I would also suggest that if you have any questions about his STD, you both go together to see his doctor. And also talk to your local STD clinic. I suspect he's lying. 

As far as why you didn't test positive... It's just an infection, same as any others. Sometimes when you're exposed, you get infected. Sometimes you don't. It's not a 100% infection rate. So count yourself lucky, get tested in another few months to make sure, and figure out what you want to do with him in the meantime. It's YOUR choice now, not his. In my opinion, anyway. And if he's not going to come clean with things, I know what I'd recommend.

C


----------



## 2nd_t!me iz_best (Feb 28, 2011)

have any female friends of yours been to the dr lately for a reason they wont get into?
it may be someone you know.
i wouldnt keep someone like that around, child or not.


----------



## Catherine602 (Oct 14, 2010)

You probably wont take alll of the very good advice you have been given so far. But I will take a stab at it. 

First get tested again in a month, sometimes clymedia does not show up whit a new infection. If you stay with hoim make sure he wears a condomat all times even when or if you give oralsex. Use saran wrop or a rubber damn when he gives you oral sex although I doubt is such a selfish uncaring man does. 
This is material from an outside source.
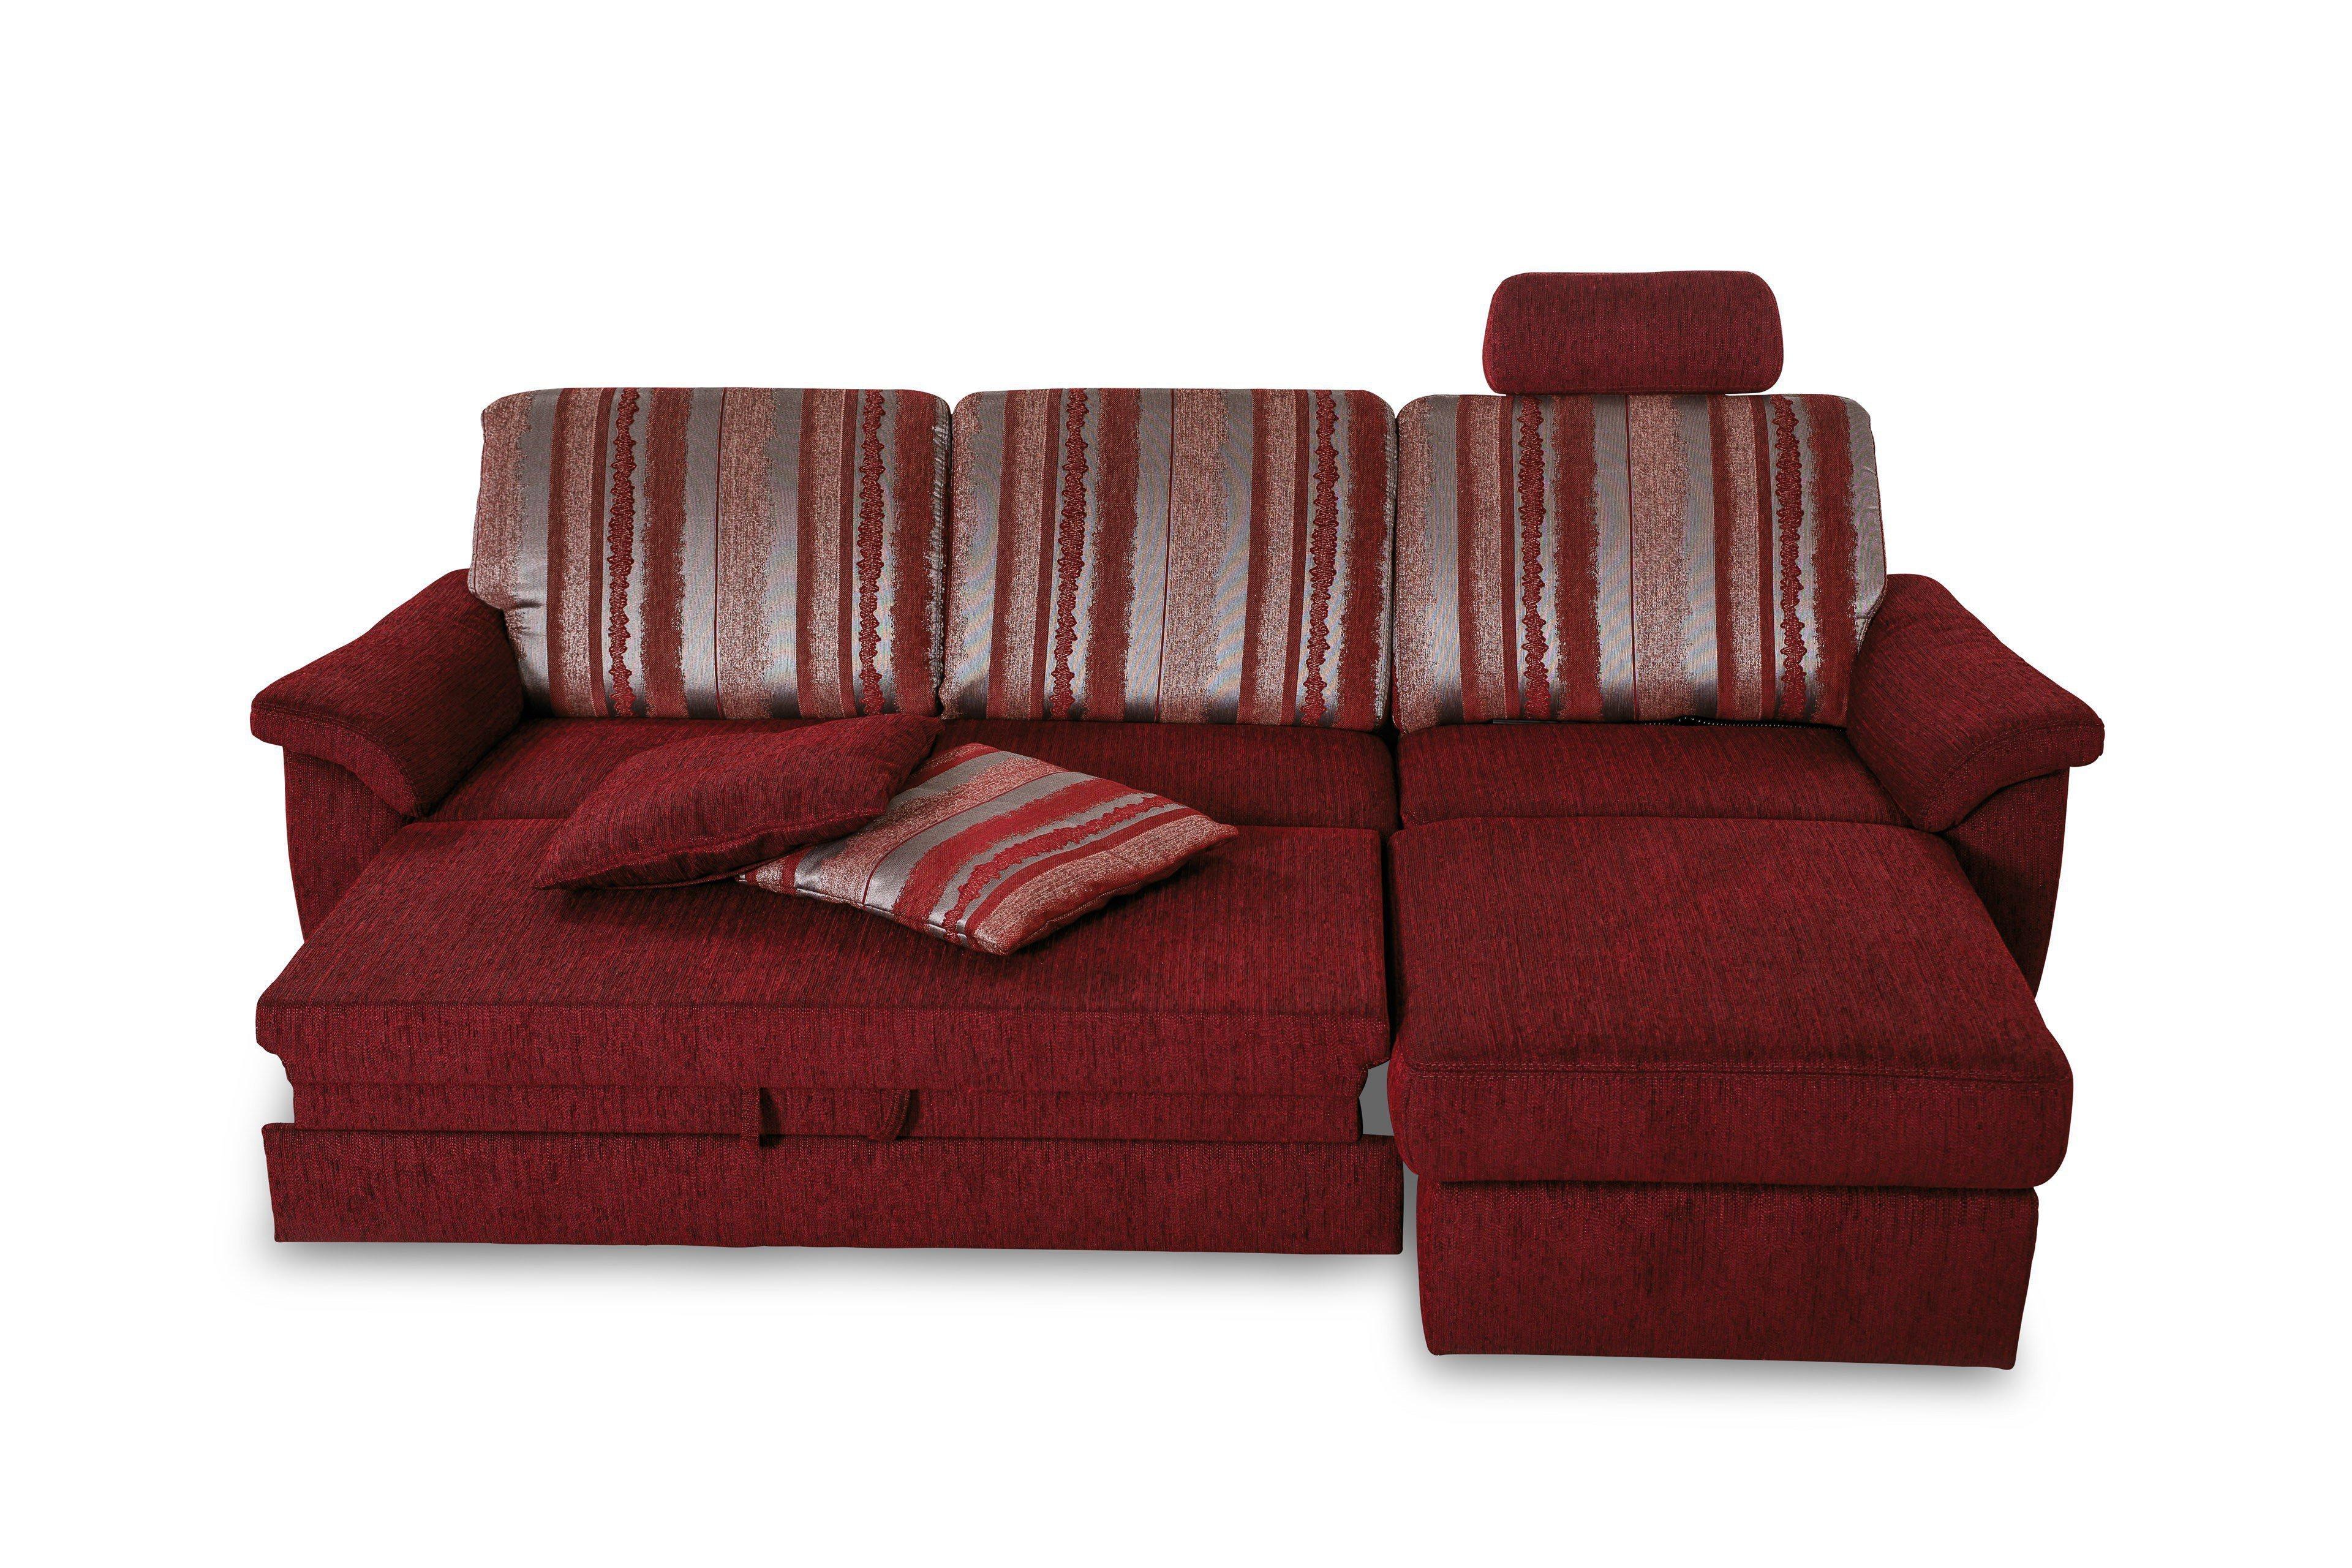 pm oelsa toledo polstergarnitur in rot m bel letz ihr online shop. Black Bedroom Furniture Sets. Home Design Ideas
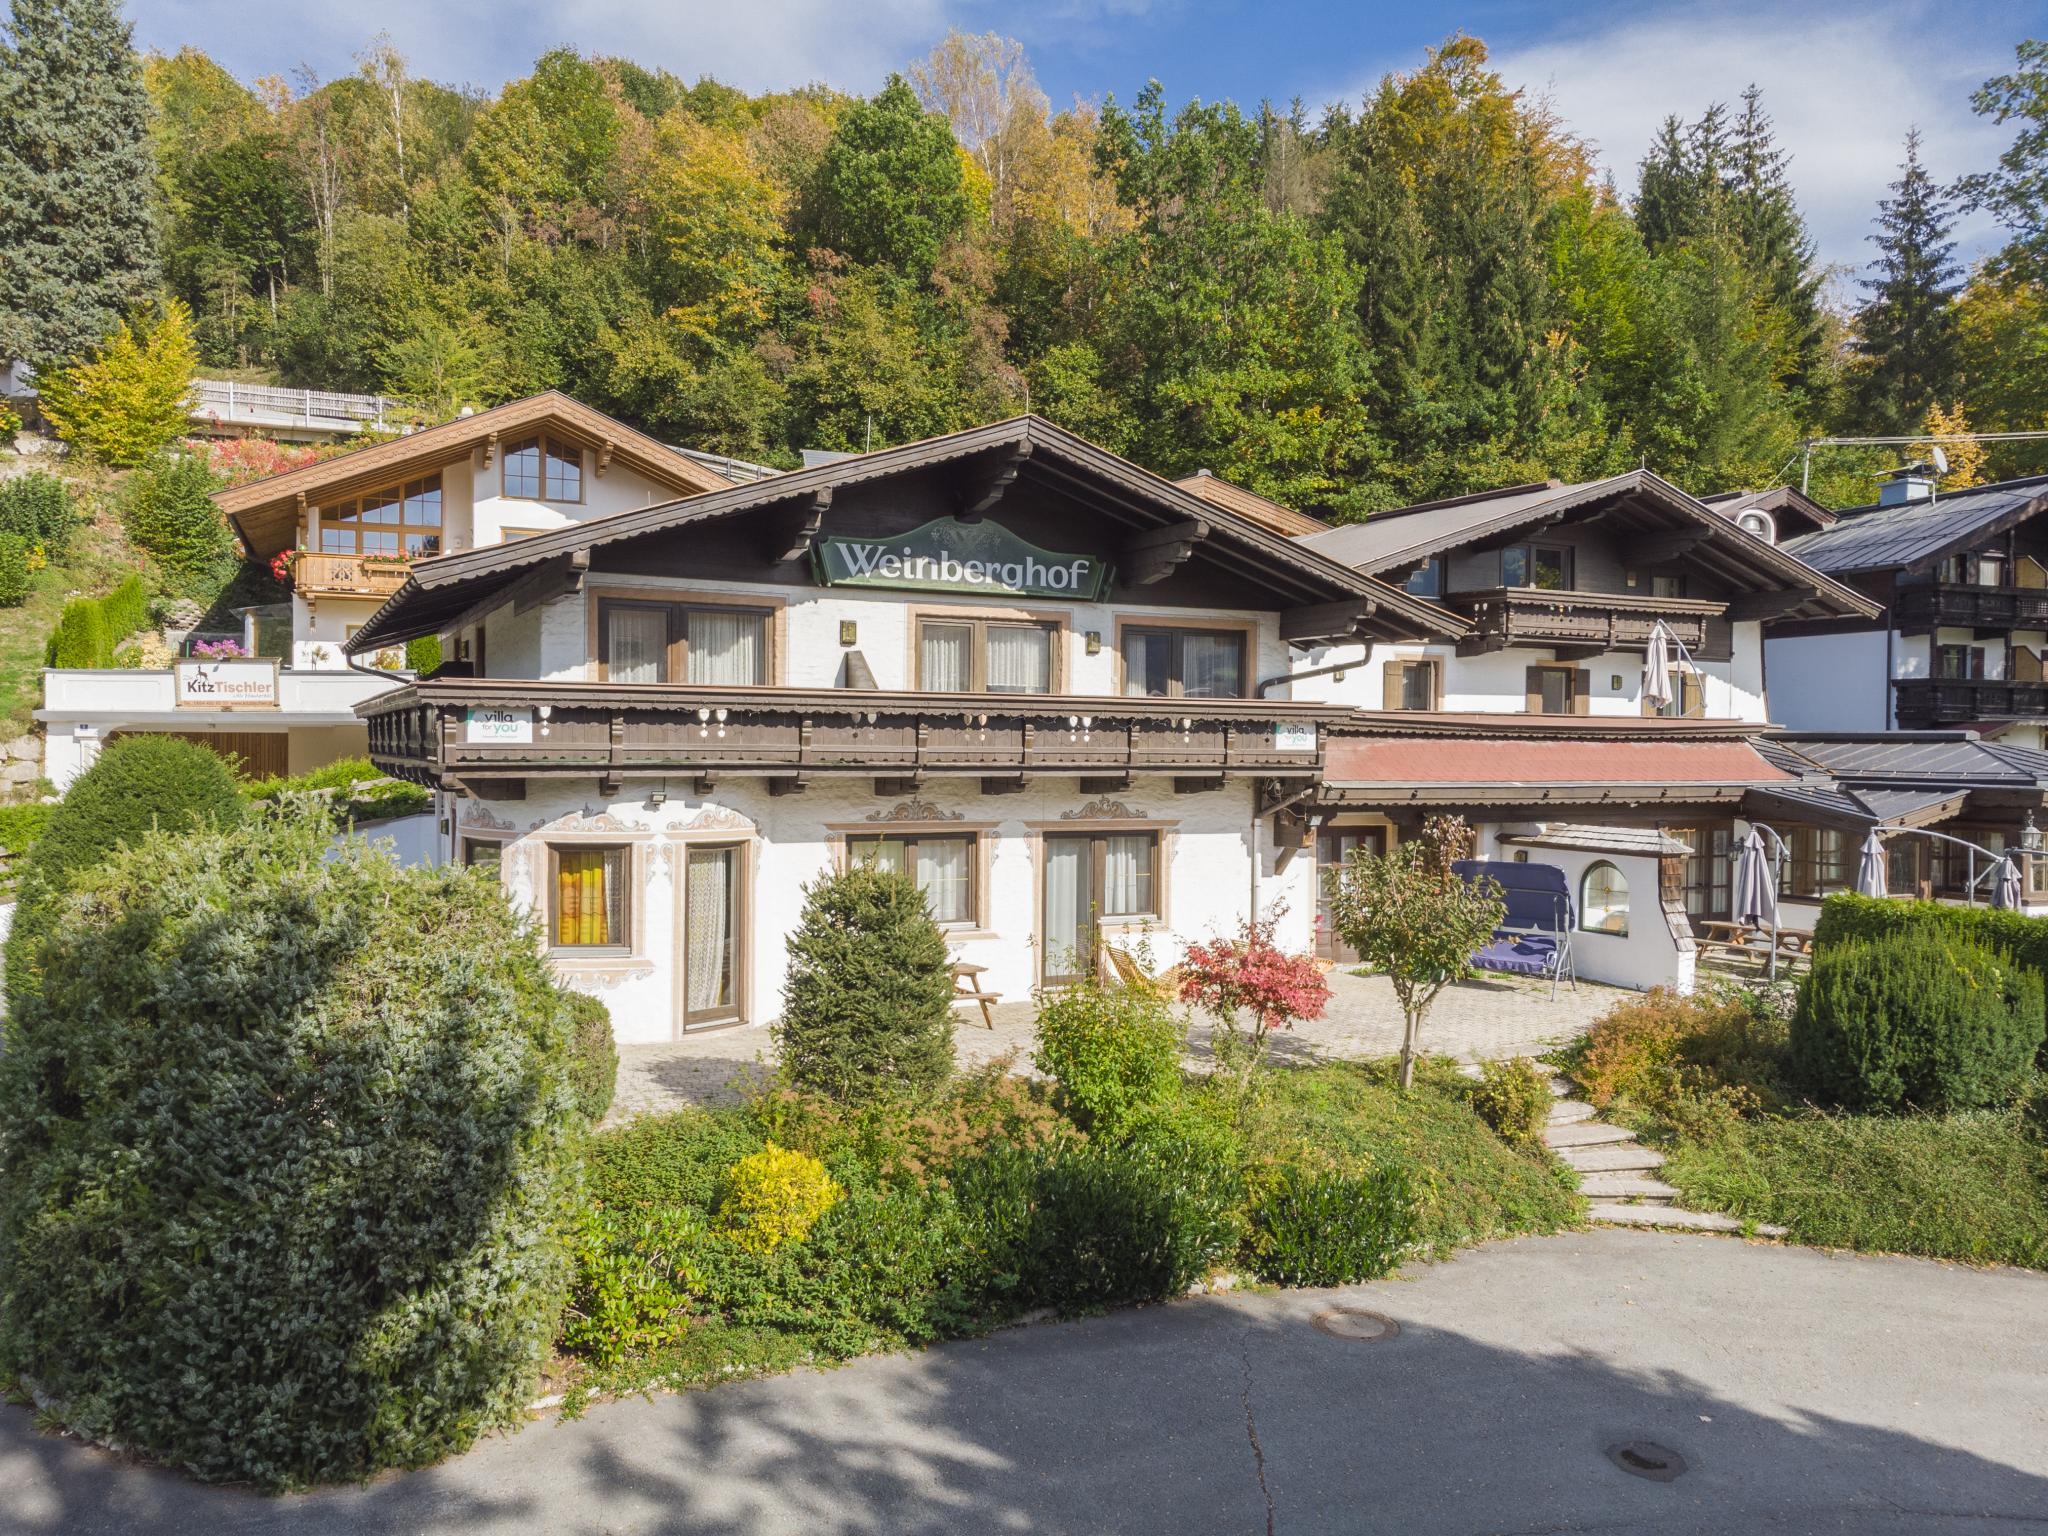 Weinberghof Tirol

Get tested every 6 months. In woman chlmedia is often asymtomatic and can effect furtility because of scaring. 

I think you will regret staying with him in the years to come. Read some of the post from woman who have cheating husbands who show no remorse. They cheat repeatedly. 

The women gets so worn out emotionally that she finally leaves. It may take 10 - 15 years and she is so emotionally dead. These woman always say they wish they had gotten out when he cheated the first time.

He is treated you so carelessly because he thinks that you will not leave because you have the child. Or he does not care if you leave. With such men, you can't listen to what they say but what they do. He does not care a jot for you. 

Please listen to the advice, take the emotional hit now and avoid years of pain. Don't let the child or fear of finances keep you. He is in the service so he will have to pay even if he dose not want to. Go to the legal office and find out your legal situation and then separate from him.

Give him a lessen, shock him, when you leave tell him he is not worth it you rather have him pay you and get married to someone else.


----------



## FieryHairedLady (Mar 24, 2011)

Lots of great advice here.


----------



## pinkladie (May 4, 2011)

_Posted via Mobile Device_


----------



## HappyAtLast (Jan 25, 2010)

This guy needs to go...seriously. If I'm not mistaken part of a wedding vow says that you will love and cherish..which basically means BE FAITHFUL to each other. So, if he can't do that then it's time to leave. I know it's easier said than done...you two have a young child together...but you can't live the rest of your life like this...you deserve better.
Good luck..I hope you make the right decision.


----------



## Tyler75 (Apr 29, 2011)

Is it posible he could be sleeping with prostitutes? Chlamydia is normaly passed on by people who have multiple partners. Do you live in a town where escorts services are everywhere? Also chlamydia is passed on by unprotected anal sex, I know it sounds dirty but believe it or not that fetish is big in todays world.


----------



## Jellybeans (Mar 8, 2011)

Ok I made a mistake up there when I posted.. I meant to say he won't even tell you who the other PARTY is, meaning, the person he cheated with. 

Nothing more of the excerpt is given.